[What you should do] Going from the top of the data below, give again each line through the one containing "Das Recht der", both ends kept.

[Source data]
=-=-=-=-=

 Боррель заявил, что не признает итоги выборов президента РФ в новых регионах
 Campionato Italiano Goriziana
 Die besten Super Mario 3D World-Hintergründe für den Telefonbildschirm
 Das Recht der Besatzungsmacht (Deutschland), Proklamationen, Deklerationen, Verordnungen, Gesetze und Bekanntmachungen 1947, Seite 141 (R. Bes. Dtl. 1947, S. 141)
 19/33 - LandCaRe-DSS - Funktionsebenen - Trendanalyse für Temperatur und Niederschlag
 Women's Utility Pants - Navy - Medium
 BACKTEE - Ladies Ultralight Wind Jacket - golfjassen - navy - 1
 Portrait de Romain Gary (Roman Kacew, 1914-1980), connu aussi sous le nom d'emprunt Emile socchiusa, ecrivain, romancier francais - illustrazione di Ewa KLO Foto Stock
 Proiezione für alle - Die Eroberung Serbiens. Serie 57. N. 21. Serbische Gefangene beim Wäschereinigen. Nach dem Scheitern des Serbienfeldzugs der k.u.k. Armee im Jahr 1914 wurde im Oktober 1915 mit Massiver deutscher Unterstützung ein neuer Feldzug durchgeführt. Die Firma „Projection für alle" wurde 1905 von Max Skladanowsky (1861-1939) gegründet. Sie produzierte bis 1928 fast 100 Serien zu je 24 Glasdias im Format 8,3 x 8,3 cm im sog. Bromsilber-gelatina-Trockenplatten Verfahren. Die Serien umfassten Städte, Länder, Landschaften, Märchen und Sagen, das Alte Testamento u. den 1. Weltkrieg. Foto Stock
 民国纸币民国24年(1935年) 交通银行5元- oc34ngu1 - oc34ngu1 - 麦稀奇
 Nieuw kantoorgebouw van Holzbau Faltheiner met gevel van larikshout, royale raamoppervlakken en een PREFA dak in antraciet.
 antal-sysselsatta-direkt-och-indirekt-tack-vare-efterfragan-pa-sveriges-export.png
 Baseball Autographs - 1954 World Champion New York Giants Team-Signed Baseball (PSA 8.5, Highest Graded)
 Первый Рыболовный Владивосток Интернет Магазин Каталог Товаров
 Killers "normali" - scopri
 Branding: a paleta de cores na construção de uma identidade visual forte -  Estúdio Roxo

=-=-=-=-=

[Output of the exercise]
 Боррель заявил, что не признает итоги выборов президента РФ в новых регионах
 Campionato Italiano Goriziana
 Die besten Super Mario 3D World-Hintergründe für den Telefonbildschirm
 Das Recht der Besatzungsmacht (Deutschland), Proklamationen, Deklerationen, Verordnungen, Gesetze und Bekanntmachungen 1947, Seite 141 (R. Bes. Dtl. 1947, S. 141)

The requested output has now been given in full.